The Transit secrets engine allows you to both sign data and verify signatures. However, it's perfectly acceptable to have a use case where you are signing data and then sending that data along with the signature to a remote host who doesn't have access to Vault to verify the signature. In this scenario, you may find that you need to verify your data's signature "offline". We will discuss one way of doing this.
Explanation
This will be a hands on example where we sign data using Vault Transit secrets engine and then verify it "offline" using a ubiquitous command line application openssl
.
First step is to get a Vault server up and running.
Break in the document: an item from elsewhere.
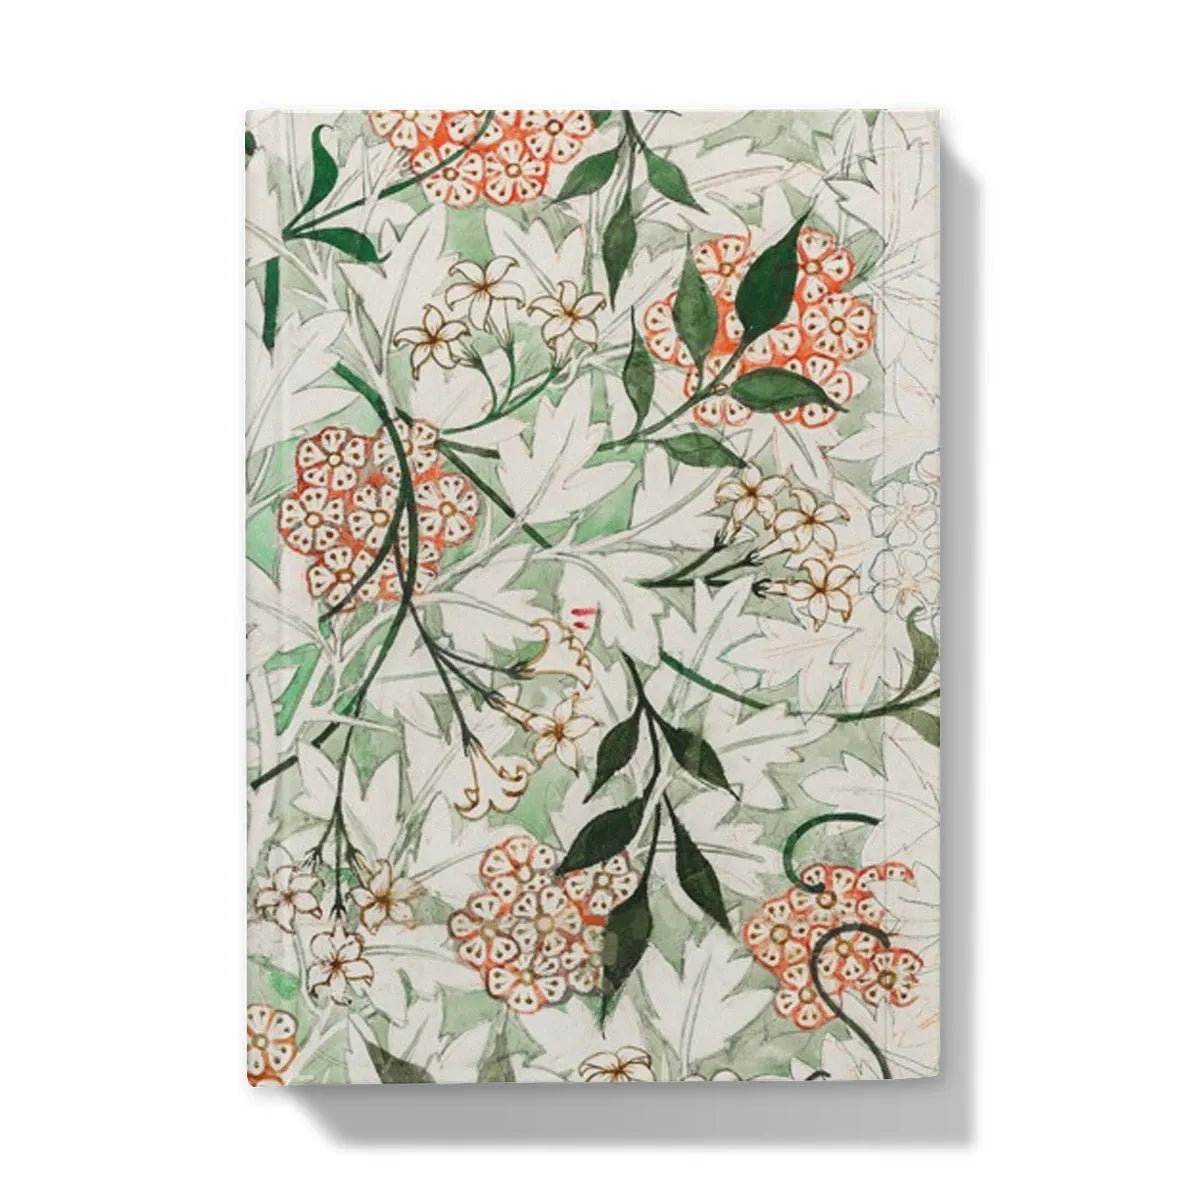 Jasmine By William Morris Hardback Journal - 5’x7’ / 5’ x 7’ - Lined Paper - Notebooks & Notepads - Aesthetic Art

For our example, we will do this using Docker.
docker run \
--cap-add=IPC_LOCK \
-e VAULT_DEV_LISTEN_ADDRESS='0.0.0.0:8200' \
-e VAULT_ADDR='http://0.0.0.0:8200' \
-e VAULT_DEV_ROOT_TOKEN_ID=root \
-e VAULT_LICENSE=$(echo $VAULT_LICENSE) \
-p 8200:8200 \
--name vault \
--detach \
hashicorp/vault-enterprise
export VAULT_ADDR=http://localhost:8200
sleep 2
vault login root
Next we will prepare our data, which in this case is just simple text. Note that Transit requires that all data is signed and encoded with base64.
# Define our plaintext
TEXT="abc123"
# Encode our plaintext with base64
B64_ENCODED_TEXT=$(echo $TEXT | base64)
Next, enable the Transit secrets engine and create a key. Capture the resultant public key for use later on in the example.
# Enable the transit secrets engine
vault secrets enable transit
# Create a key called 'test' using 'rsa-2048'
vault write -f transit/keys/test \
type='rsa-2048'
# Export the public key from the transit secret engine key named 'test'
PUBLIC_KEY=$(vault read -format=json transit/keys/test | \
jq -r '.data.keys."1".public_key')
Next, sign our base64 encoded data and then verify the signature using Vault. This is just to sanity check ourselves before moving on to verifying the signature using openssl
.
# Sign our base64 encoded text using our transit key named 'test' and
# capture the signature
SIGNATURE=$(vault write -format=json transit/sign/test/sha2-256 \
input="$B64_ENCODED_TEXT" \
signature_algorithm="pss" | \
jq -r '.data.signature')
# Demonstrate that we can use transit to verify our signature
printf "\nVerifying signature using Vault Transit...\n"
vault write transit/verify/test/sha2-256 \
signature_algorithm="pss" \
input=$B64_ENCODED_TEXT \
signature=$SIGNATURE
Finally, time to verify the signature with openssl
. Write out the public key to a file. Write out the signature to a file. Note that the signature's metadata provided by Vault must be stripped off. Additionally, Vault encodes the signature with base64 encoding. You must decode it to it's normal state (which is binary) and then write that to a file for use with openssl. Finally, write our non-base64 encoded text to a file as well. Then use openssl
with the proper parameters to verify the signature.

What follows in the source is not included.